といっても、一般的に知られている「お笑い」コースではなく、歌とダンスを勉強する
今はなき「歌組」というコースです。
お笑いコースの同期でいうと、ジャルジャルさん、銀シャリさん、アキナさんなどがいます。
(といっても、別に当時面識があったわけでは、ない。)
ビヨンセやクリスティーナアギレラのようなDIVAになりたかったティーンの私は、
何を血迷ったか
月謝が安いのと、「吉本」という関西における圧倒的なネームバリューに引かれ、
高2の春、NSCの門を叩きました。
(今もしあの時の自分に会えたら、もっと別のレコード会社のオーディションとか受けろとアドバイス、したい。)
当時、NSCには夢を追いかける素敵な仲間がいっぱいいました。
何十人もの個性的すぎる人達の集団の中で、
ひときわ異彩を放って目立っていた女の子が、1人いました。
「トマト姫」です。
歌組では本名で活動する人がほとんどの中、
トマト姫だけが自分に芸名をつけて、アーティスト活動をしていました。
ちなみにトマト姫は、トマト星のお姫様らしく
リコピンビームでみんなを元気にするそうです。
まだ、こりん星から別のお姫様が襲来する前のことです。
当時の私からは、彼女はとても異質でアウトロー的な存在に見えていたのですが、
今思うと、すごい。
きちんと自分の存在をみんなと差別化して、明確にブランディングすることができている。

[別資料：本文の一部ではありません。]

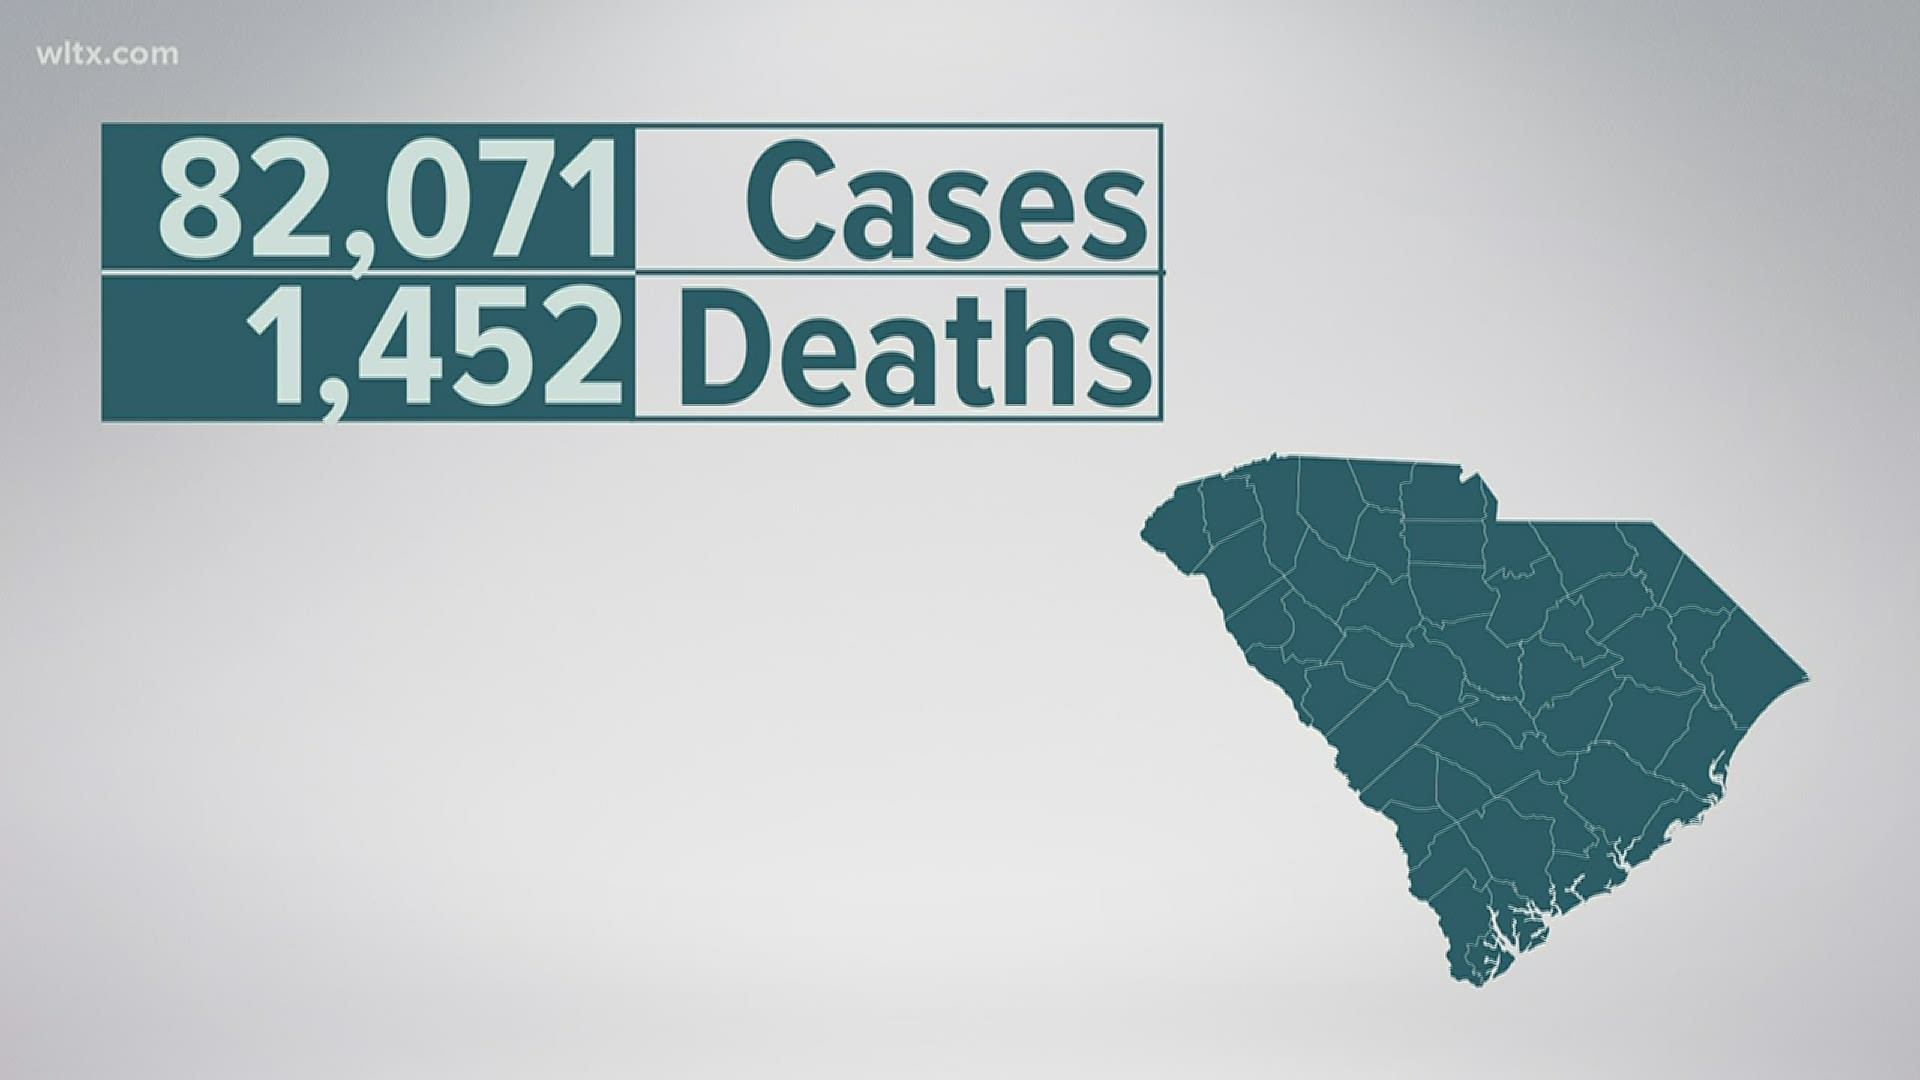 This brings the total number of confirmed cases to 82,071, probable cases to 346, confirmed deaths to 1,452, and 54 probable deaths.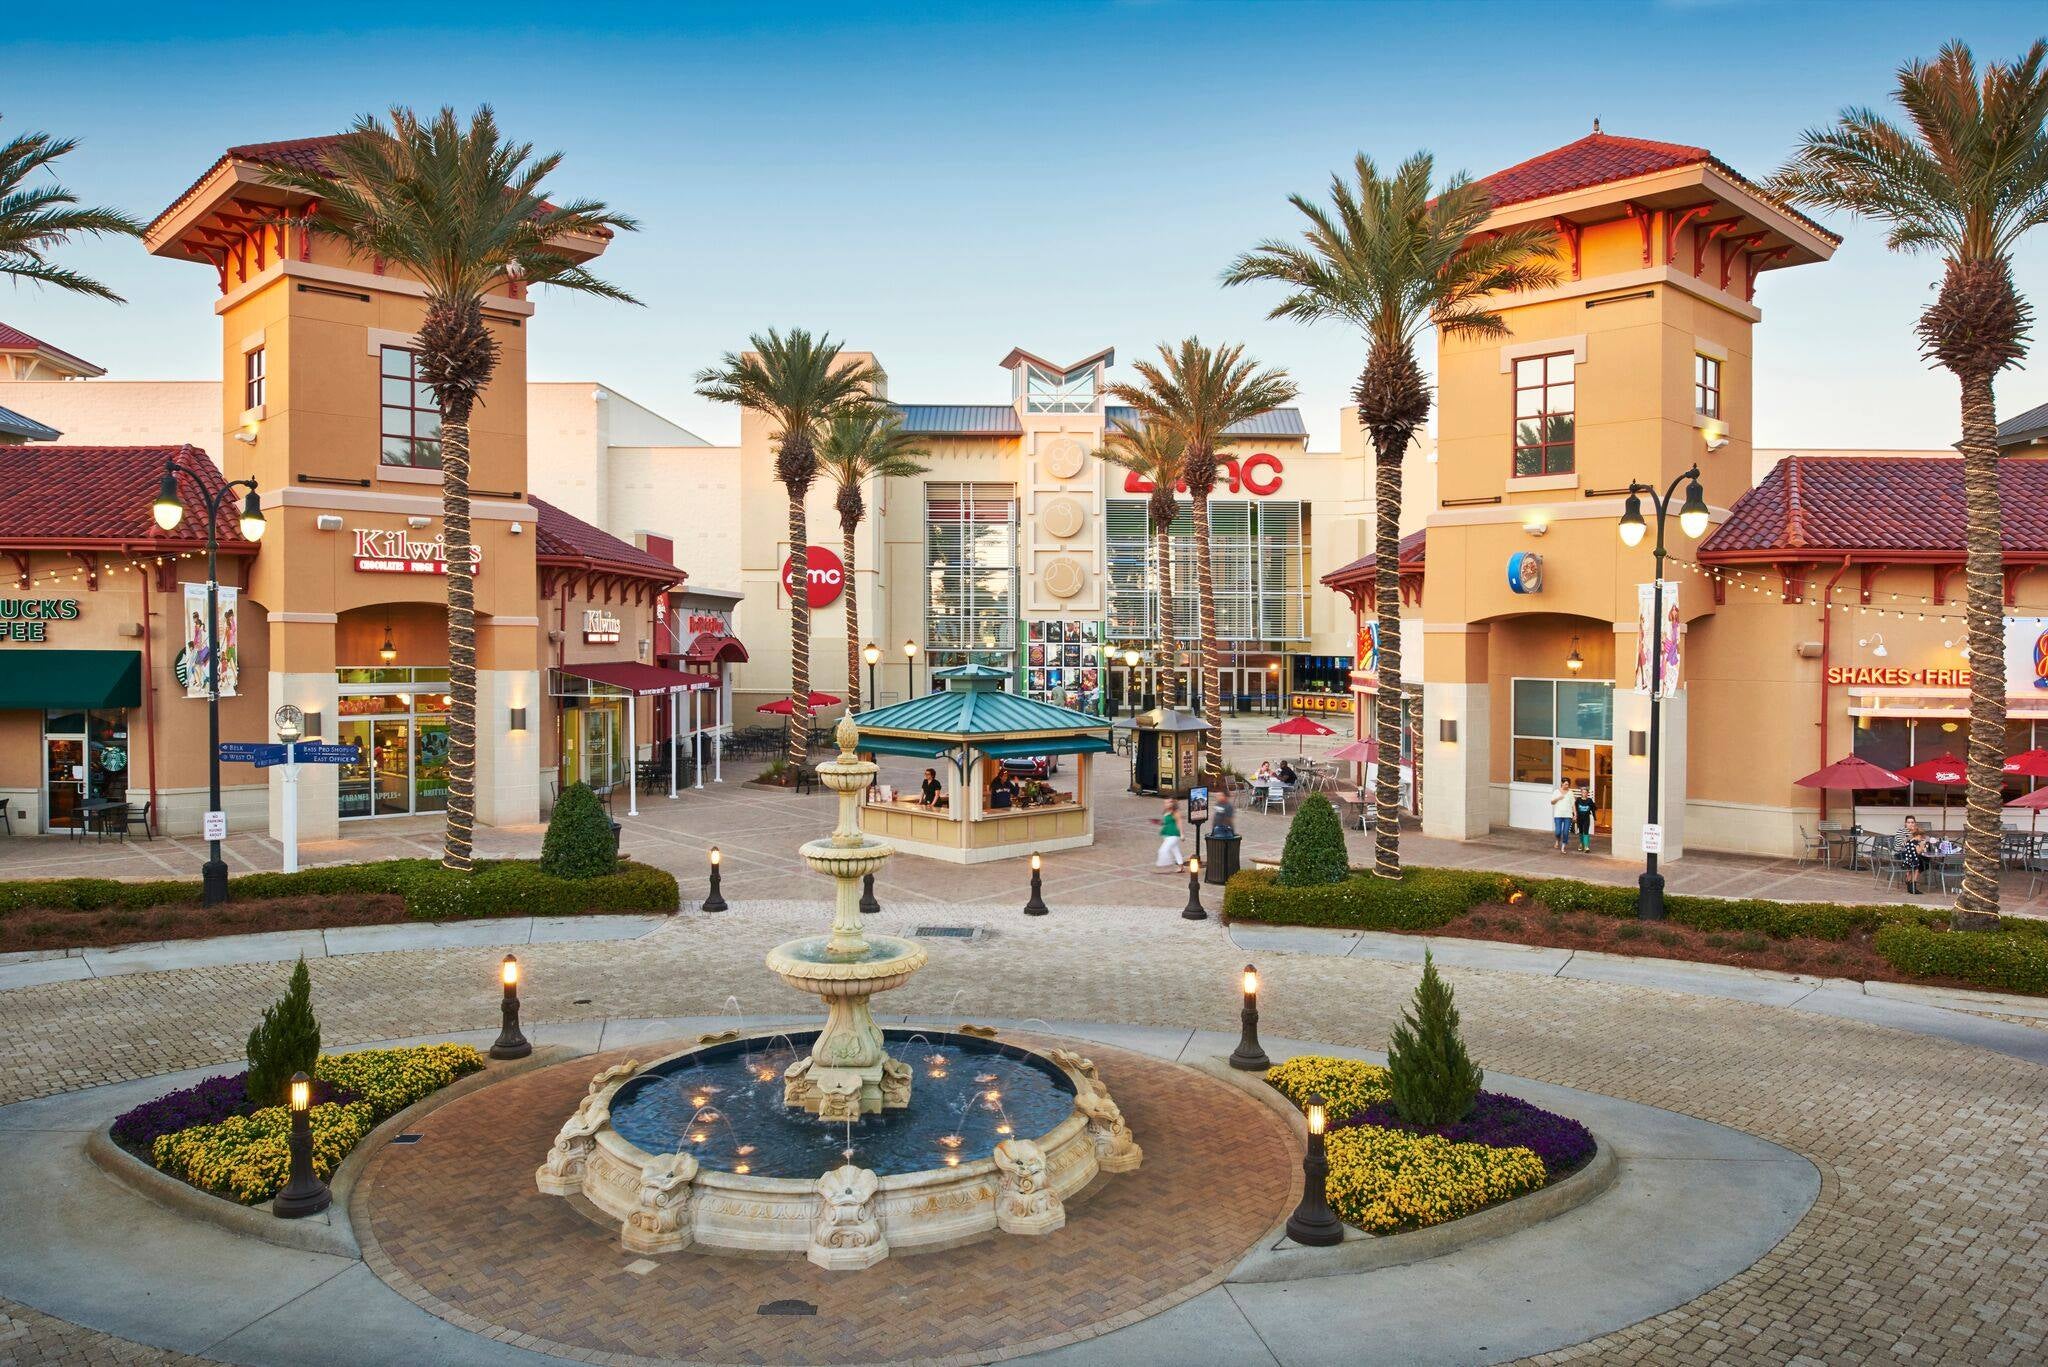 Visit Destin Commons for Shopping and Dining

だって、仲良い子以外にいまでも名前覚えてるの、このトマト姫、だけ。
「わたしは正統派でやりたいから、本名でいくもん!」
って思ってた当時のわたしに、バックドロップですね。
そのあと、何年かしてトマト姫が関西ローカルの有名TV番組に出演していて、
とてもうらやましかったのを覚えています。
そんな私は何年か前から、広告の仕事以外に趣味で
「はたルーシーくみこ」というミドルネーム入りの名前で絵を描いたり、作詞をしたりしています。
飲み屋でのあだ名も「ルーシー」です。
ある日、いきなりふと、自分に芸名が欲しくなって、勝手につけました。
DIVA→コピーライターという、また違った土地にたどり着きはしましたが、
もしかしたらいまだ無意識の中で、10代のあの頃の忘れ物を
必死で取り戻そうとしているのかも、しれません。